# [What you are asked to do]
Once you reach the line with "動詞面日【STOP THE WATER" below, copy each line exactly, stopping after the line with "Ахмет Каплан Турецкий", and skip any pictures.

# [Dataset]
[Start of section]

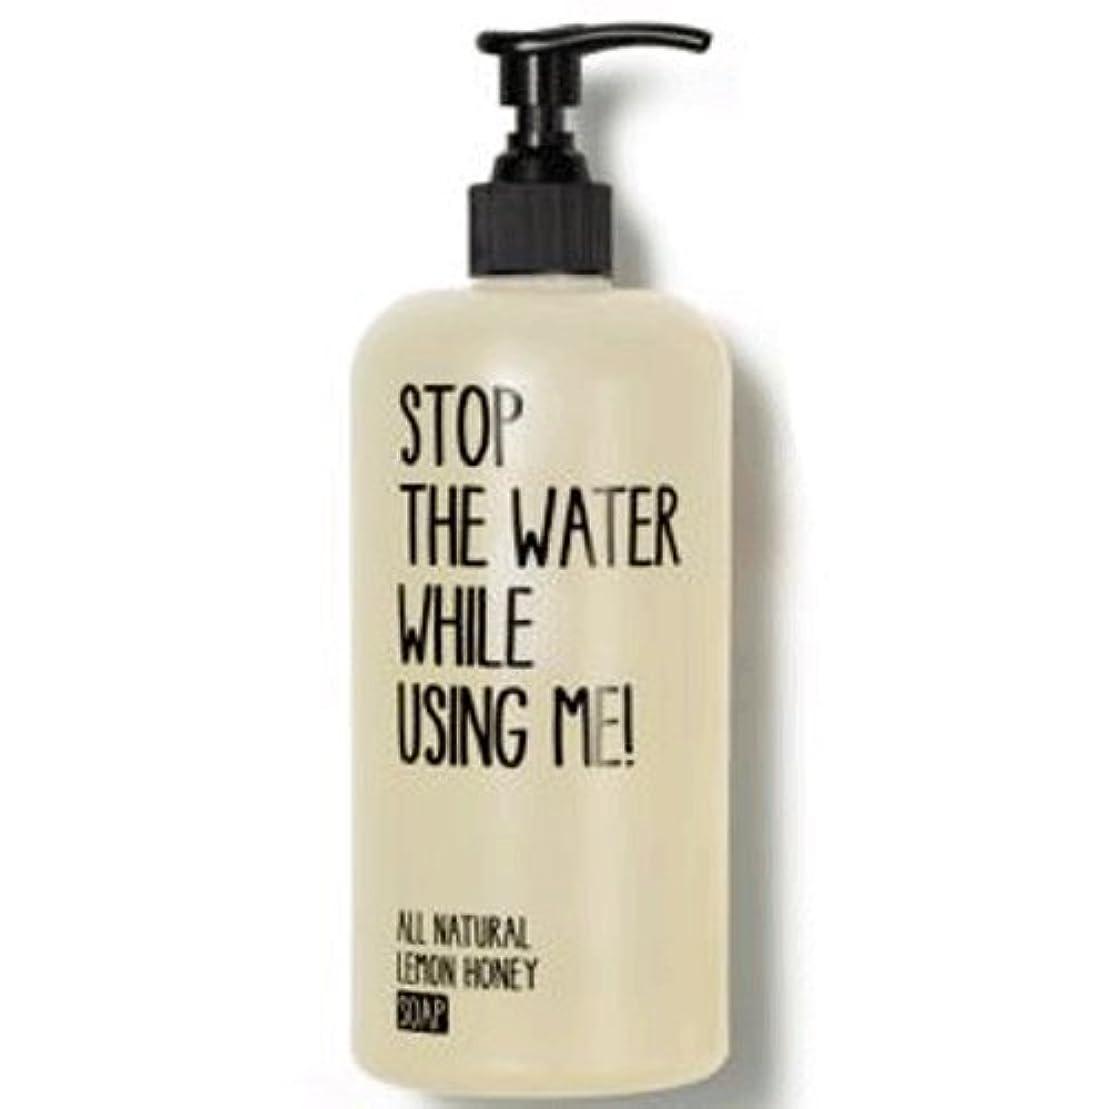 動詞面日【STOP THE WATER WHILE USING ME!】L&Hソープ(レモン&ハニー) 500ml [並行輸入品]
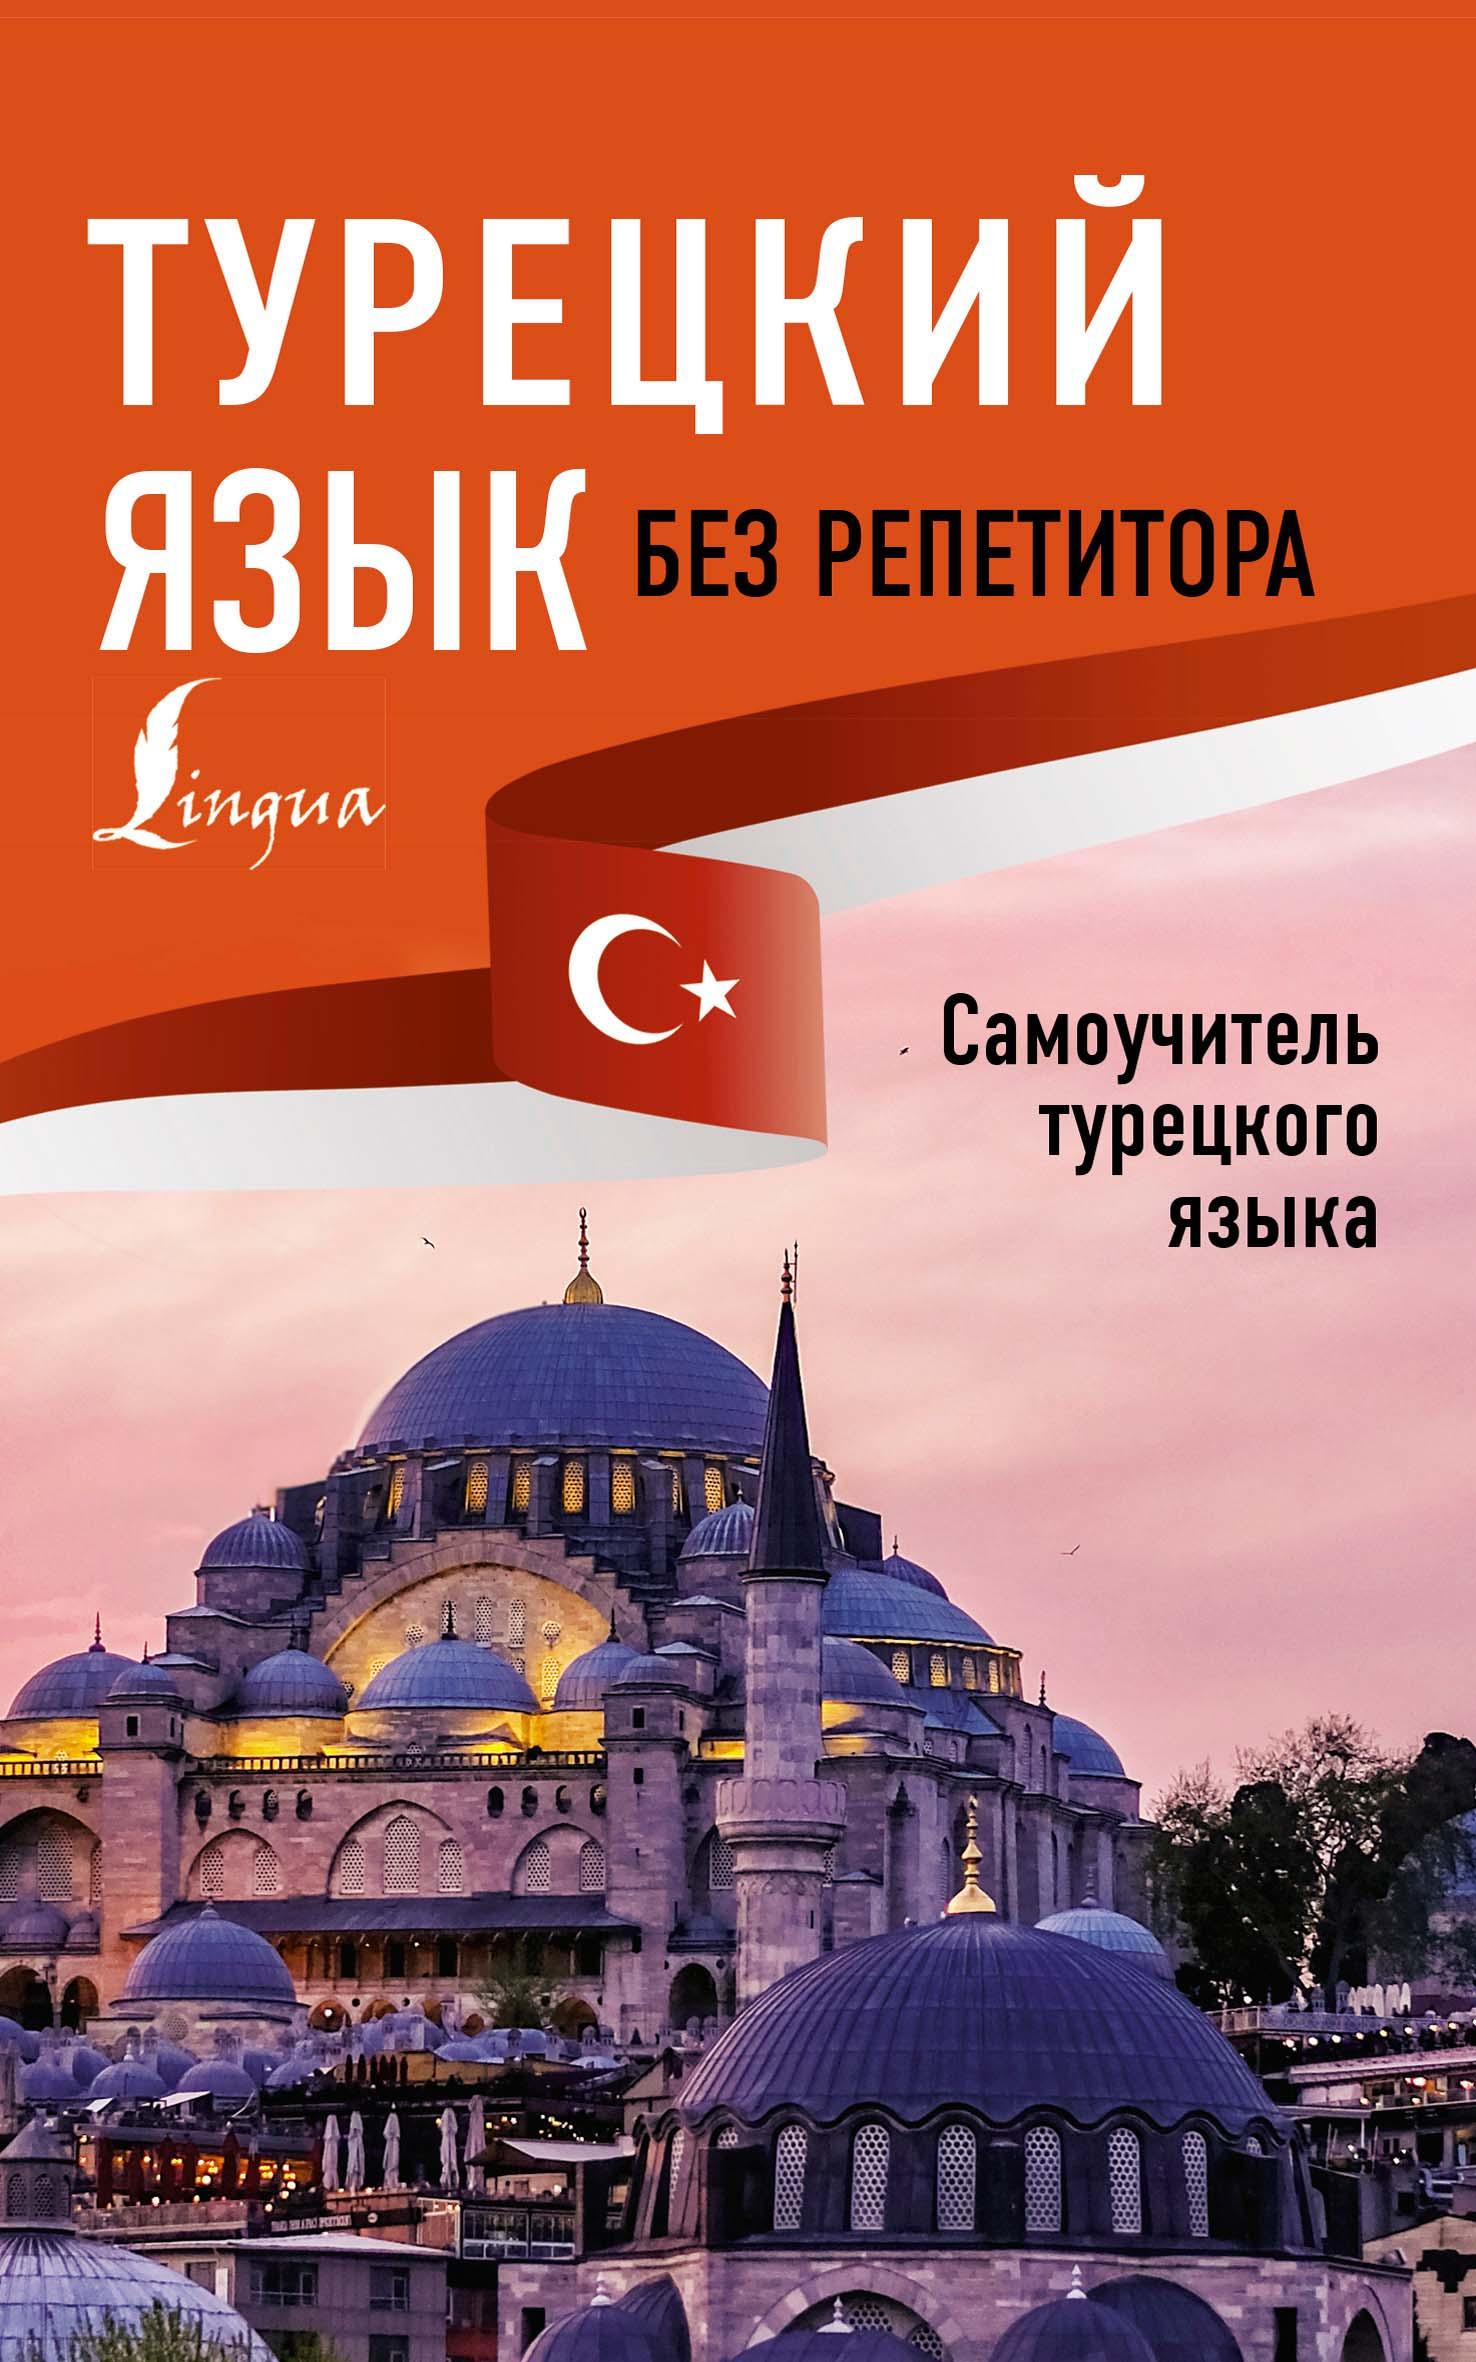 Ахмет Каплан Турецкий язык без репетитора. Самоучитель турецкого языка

[End of section]
[Start of section]

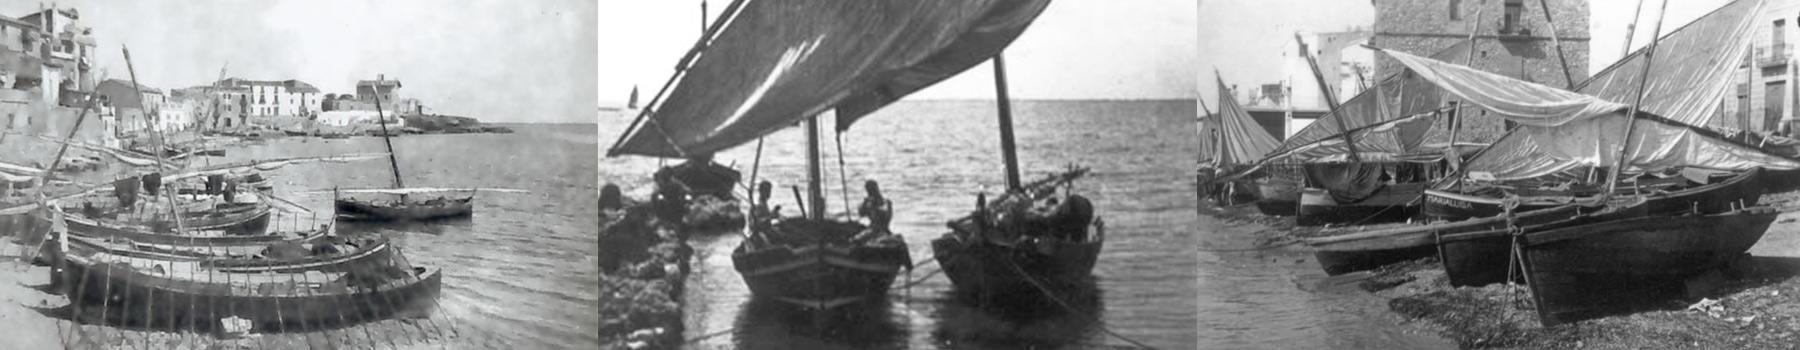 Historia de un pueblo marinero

[End of section]

# [Your response]
 動詞面日【STOP THE WATER WHILE USING ME!】L&Hソープ(レモン&ハニー) 500ml [並行輸入品]
 Ахмет Каплан Турецкий язык без репетитора. Самоучитель турецкого языка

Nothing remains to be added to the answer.